我一夜沒睡。
半夜,窗外響起滴滴嗒嗒的雨點聲。一會兒,雨點越來越驟密。田野上、屋頂上、發出嘩嘩的巨響,土坯房的屋簷象瀑布一樣,把寧靜的黑暗震動起來。黑暗飛揚得到外都是,彷彿有一個極其威嚴的神物鼓起黑色的翅膀將君臨到這世界上來。我靜悄悄地感到了恐懼,習慣性的災禍感使我以為又會受到什麼懲罰。於是,我拋開了在心中混亂的念頭,不去想……她。雨下到清晨,又驟然而止。來得匆忙,去得突兀。一隻孤零零的公雞在渠那邊悽悽然地啼叫,簷前的水滴寂寞地敲打著水窪。

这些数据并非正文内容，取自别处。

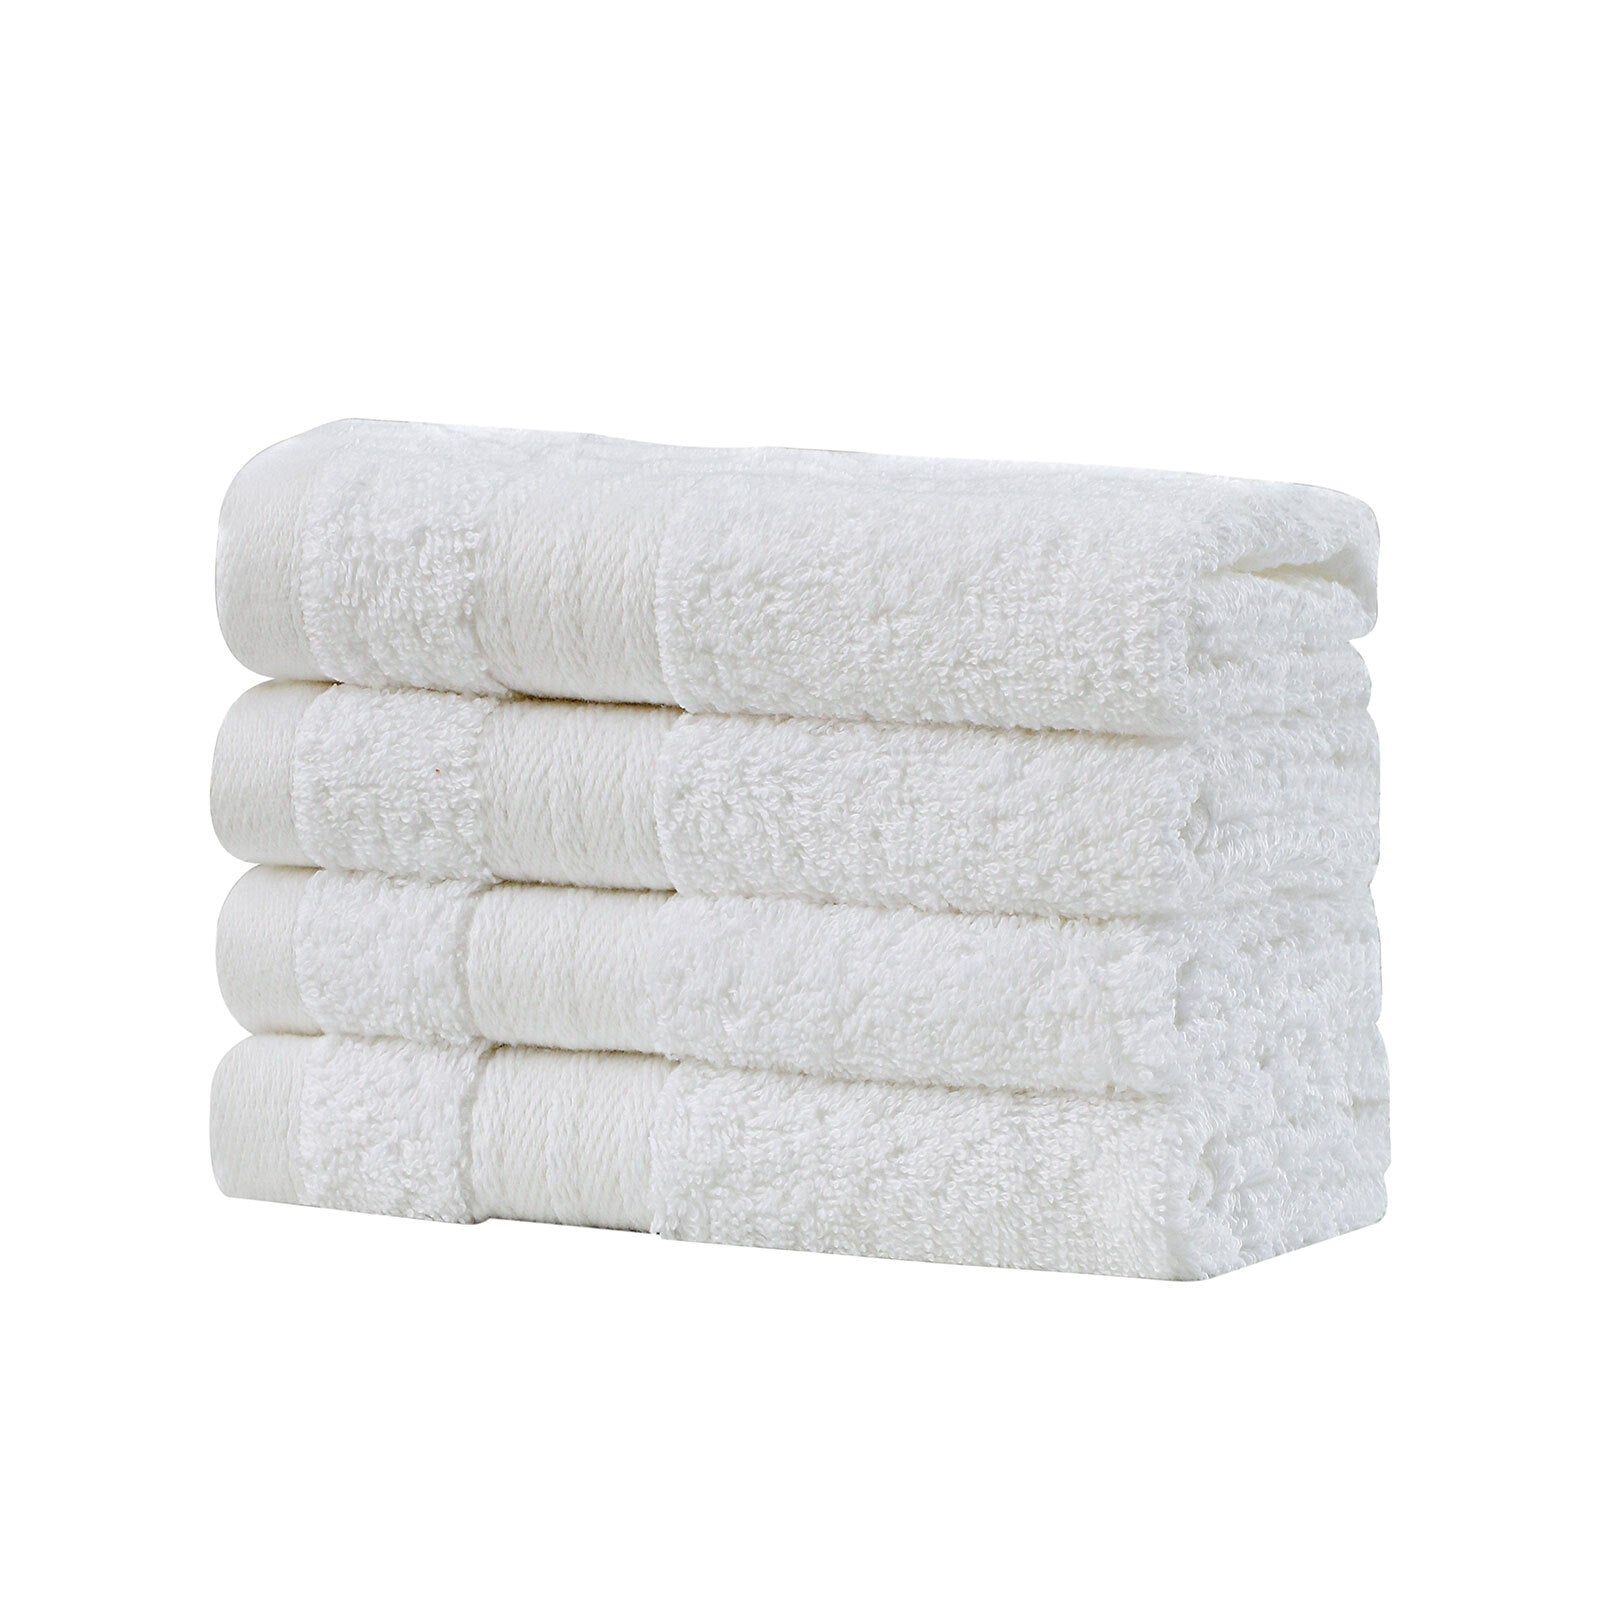 Linenland Bath Towel Set - 4 Piece Cotton Washcloths - White - Newstart Furniture

在不安的情慾熄滅了以後,我開始在道德上的自滿自足中,在精神上去尋求在肉體上沒有獲得的東西。女人,她的帷幕是在我面前一層一層地揭開的。現在揭到了最後一層。倘若把這最後的帷幕揭開,女人也就不神秘了。而沒有神秘色彩的事物都是平淡乏味的事物。於是,可以這樣說,這時,我對女人的感知可說是恰到好處。朦朧的狀態可以使我展開想象,還可以就此編出富有浪漫氣息的故事……
我發覺,我其實只不過是個耽於幻想,善於編故事的人,儘管我能夠應付現實對我的種種磨難,卻缺少主動的進取精神。
我還發覺,文明的功能主要不在於指導自己的行為而在於解釋自己的行為。我沒有做那件事,我能夠很合理地把自己的形象想象得很高大。可是我如果做了那件事,我也同樣能夠合理地解釋它,不但會原諒自己,簡直還會認為那是強者的行為。
天亮了。灰色的震光從汙濁的玻璃滲透進來。勞改犯人還睡得正濃。我深深地嘆息了一聲:有思考能力的人靠思考生活,沒有思考能力的人靠本能生活,但本能使人堅強,思考卻使人軟弱。
其實,在這個世界上,思考與不思考全是一樣的!我想翻身坐起來,而這時卻睡著了。
第二天,大隊照常出工。一夜的暴雨,在黃土高原的沙質土壤上竟沒有留下多少痕跡,除了壩坡上有一道道被雨水沖刷出的自然流棄之外。當然,稻田、葦蕩和沼澤成了汪洋,在綠得發黑的水生植物隨風搖曳的時候,透過晃動的枝葉,可以看見到處都是白花花的水沫。這種水沫只有急風驟雨才掀得起來。空氣異常潮溼,風裡似乎還帶有一絲絲雨絲。褐色的柳樹幹、沙棗樹幹的顏色更深沉了,而白楊樹幹卻象銀子鑄成的一般通體發光。田埂上、土路上蹲著許多癩蛤蟆,草叢裡躲著許多青蛙,象洪水過後的災民,茫然失措。但是土路上毫無泥濘,田埂上也堅實可行。勞改大隊仍然沿著這條土路來了。
天一大亮,我們田管人員就爬起來,扛著鍬下地去檢查自己所管的田。大雨有沒有把排水口、進水口衝開?田埂有沒有被沖垮?而我卻昏頭昏腦地在我管的田區轉悠,不知道應該幹什麼。嘴裡又苦又澀,肚子也不覺得餓了。看到我昨天從那裡進去,又從那裡出來的地方,蘆葦被分向兩邊。好象是高牆中的一個豁口。這個豁口在我心中引起一陣欣喜、一陣憂傷、一陣混亂不堪的情緒。
當我糊弄著檢查完了以後回土坯房吃早飯,在半道上正碰見下田薅草的大隊人馬。
「夜黑下雨白天晴,氣得勞改犯人肚子疼!」
一個尖鼻子犯人經過我身邊,用押韻的順口溜發牢騷。是的,要是白天接著下就好了,這樣犯人就可以在號子裡矇頭睡上一天。
可是天雖然還陰沉沉的,卻並沒有雨。勞改隊裡儘管經常出現意外,卻從來沒有過僥倖。當一個勞改犯,最好是對生活不要抱任何幻想;我幻想了,所以我就有了苦惱。